Zaciekawiona sposobem pieczenia nie mogłam się oprzeć i musiałam upiec ją jeszcze przed Wielkanocą. Ciasto o bardzo charakterystycznej konsystencji, bo jest wilgotna, pulchne, sprężyste w wyczuwalnymi drobinkami grysiku. W oryginalnym przepisie mleko jest bez dodatków jednak ja polecam do mleka dodać laskę wanilii lub cukier waniliowy, który nada jej trochę smaku i zapachu.
Skład:
4 jaja
4 łyżki cukru
1 szkl. grysiku ( kaszy manny)
1 szkl. mleka ( gorącego)
1 duży cukier waniliowy
Blachę z kominem na babkę wysmarować tłuszczem i posypać bułką tartą.
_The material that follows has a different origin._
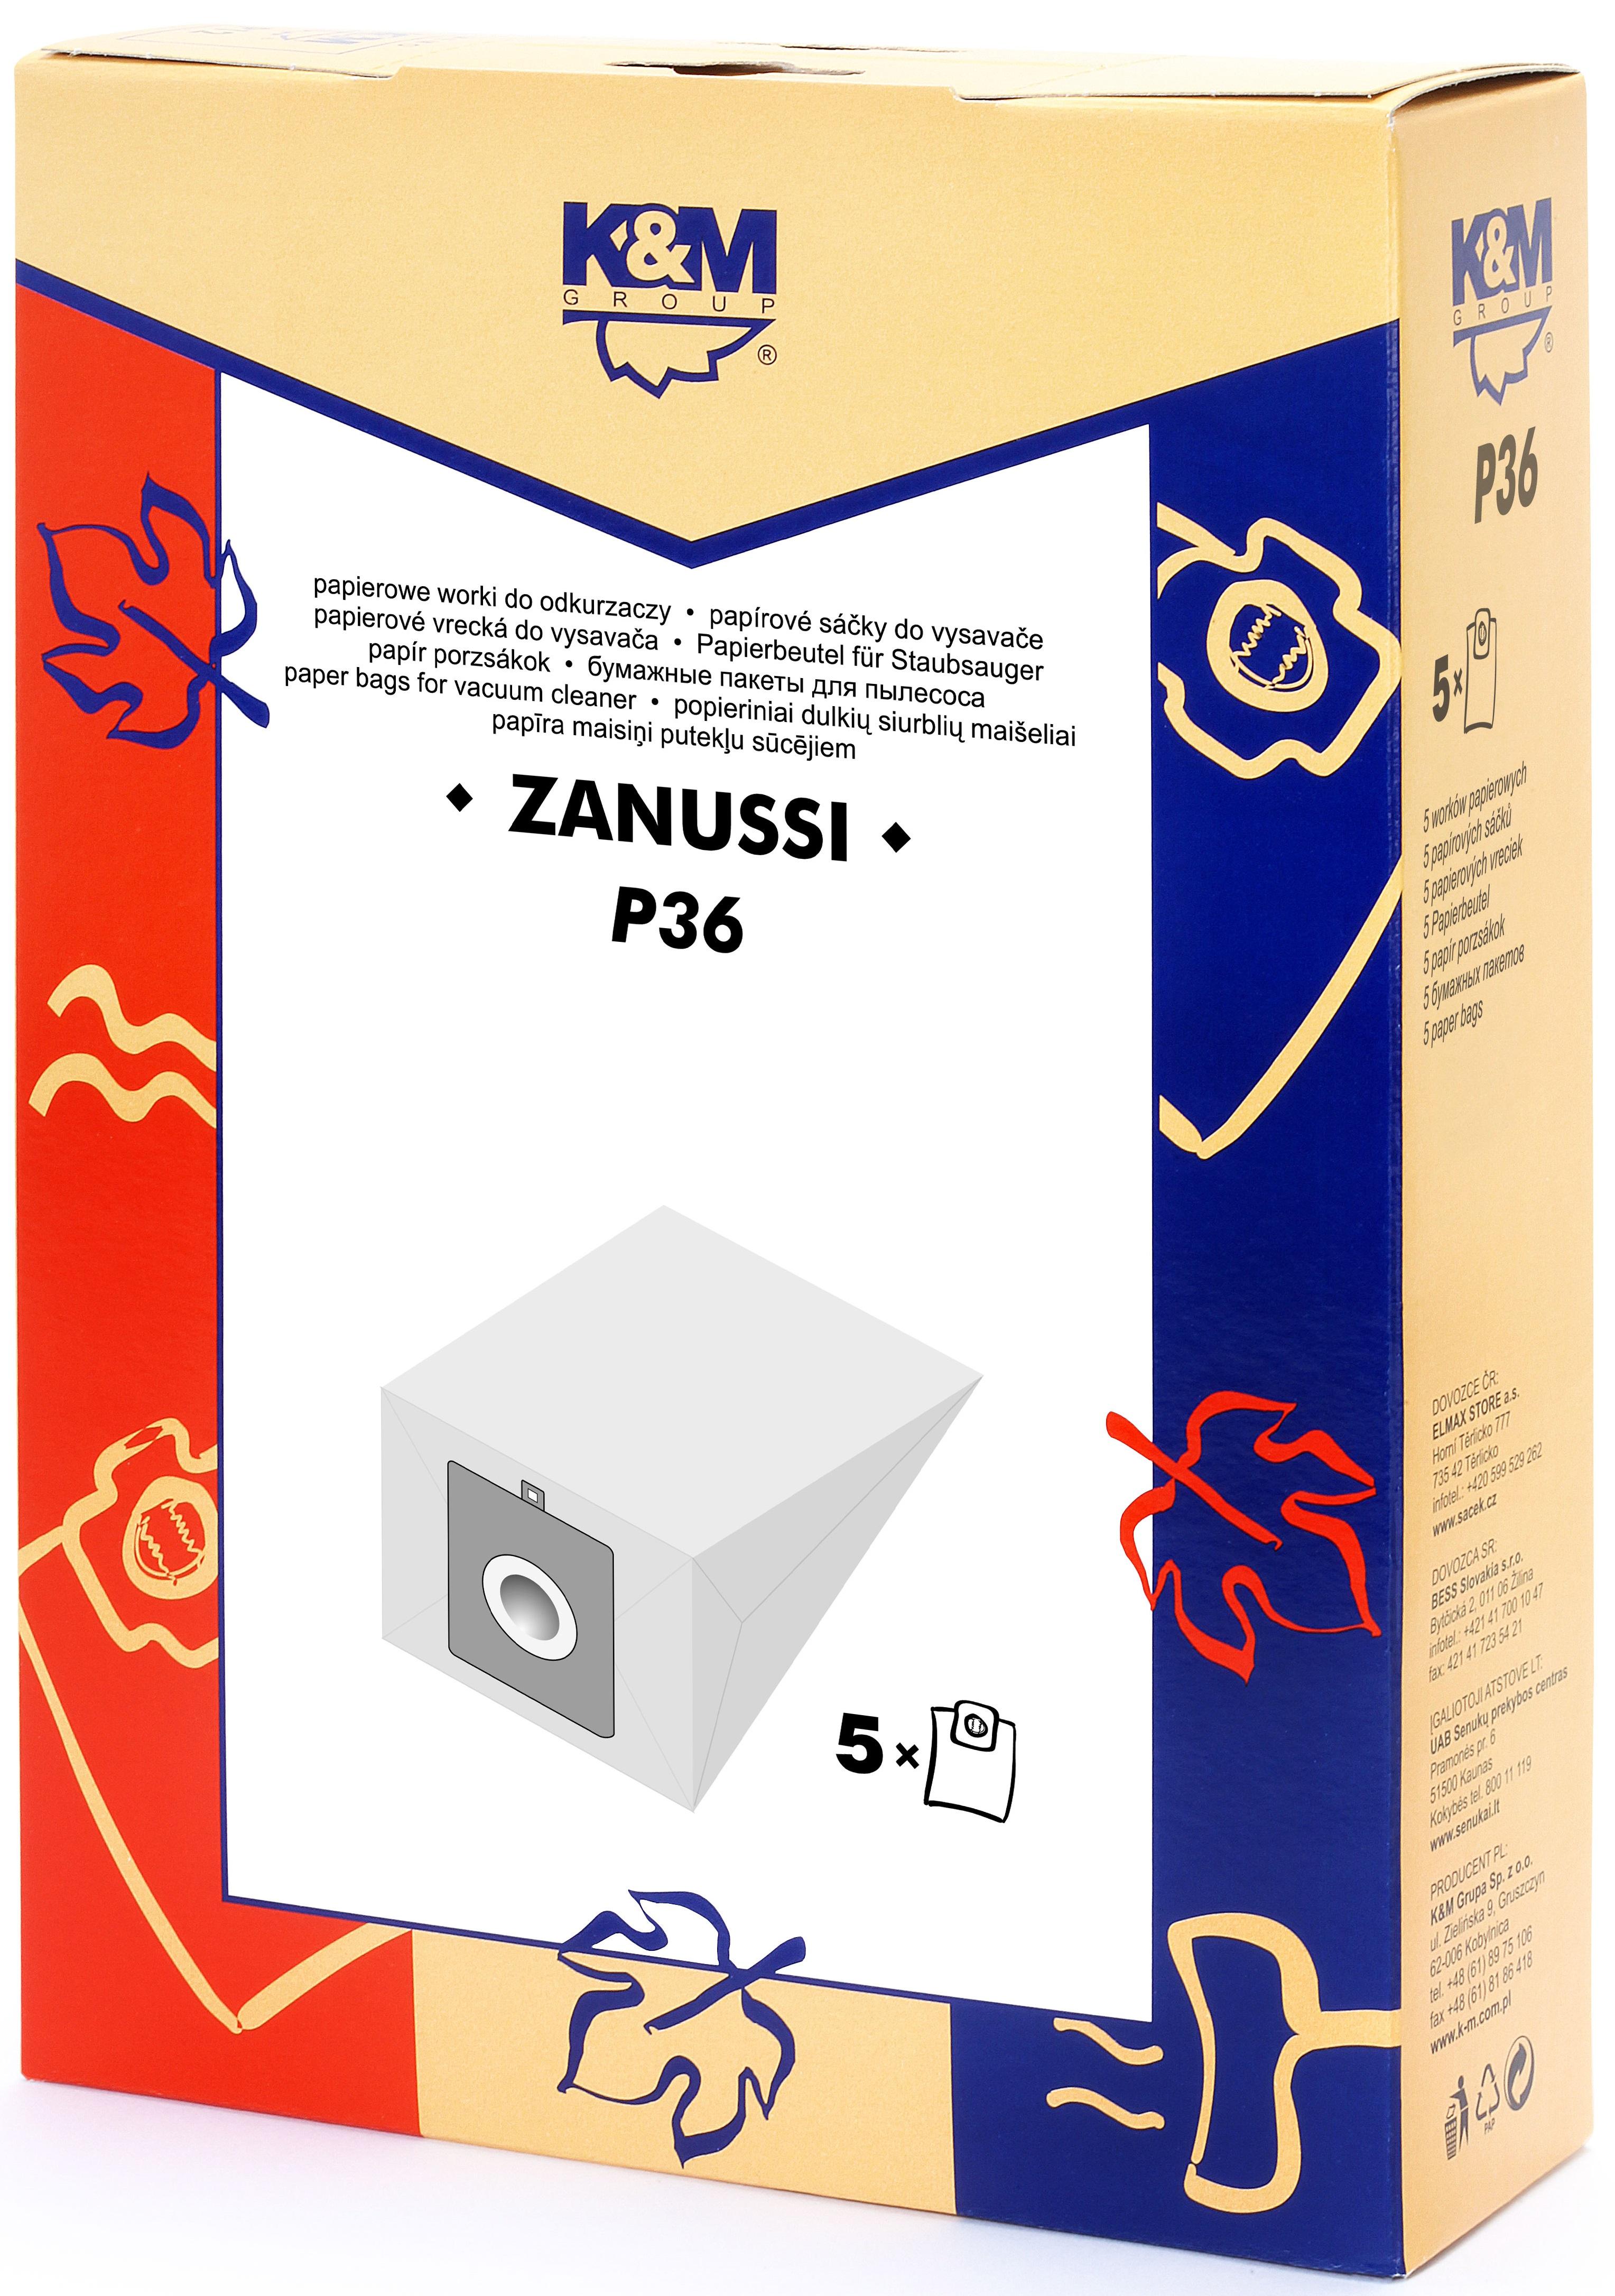 Sac aspirator Zanussi 3321, 3341, hartie, 5X saci, K&M 0

I sposób robienia jak w oryginale:
Żółtka udzielić od białek. W jednaj misce ubić żółtka z cukrem na białą masę. W drugiej misce ubić białka ze szczyptą soli na sztywno. Do masy z pianą z żółtek dodawać naprzemiennie po odrobinie pianę z białek i grysik. Powstałe ciasto wylać na wcześniej przygotowaną blachę i piec ok 25 min w bratrurze. Po tym czasie babkę wyjąć z bratrury, zalać wrzącym mlekiem i wstawić na kilka min do pieca.
II sposób robienia - mój:
Piekarnik ustawić na ok 190-200 stopni. Żółtka oddzielić od białek. Białka ubić z cukrem mikserem na pianę, dodać żółtka i ubić na sztywno. Dodać grysik, lekko wymieszać. Ciasto wylać na blachę i piec w nagrzanym piekarniku na środkowej półce ok 25 min. Zagotować mleko z cukrem waniliowym. Po 25 min babkę wyjąć z piekarnika, zalać gorącym mlekiem z cukrem waniliowym i wstawić z powrotem na ok 7-10 min. Babkę pozostawić w foremce do ostudzenia. Przyozdobić lukrem cytrynowym.
Lukier cytrynowy:
Kilka łyżeczek cukru pudru utrzeć z kilkoma kroplami soku z cytryny lub limonki na gładka białą masę.
Jeśli nie mamy owoców można wykorzystać kwasek cytrynowy i kilka kropli przegotowanej wody.
Przyozdobić wedle uznania np. perełkami i listkami melisy.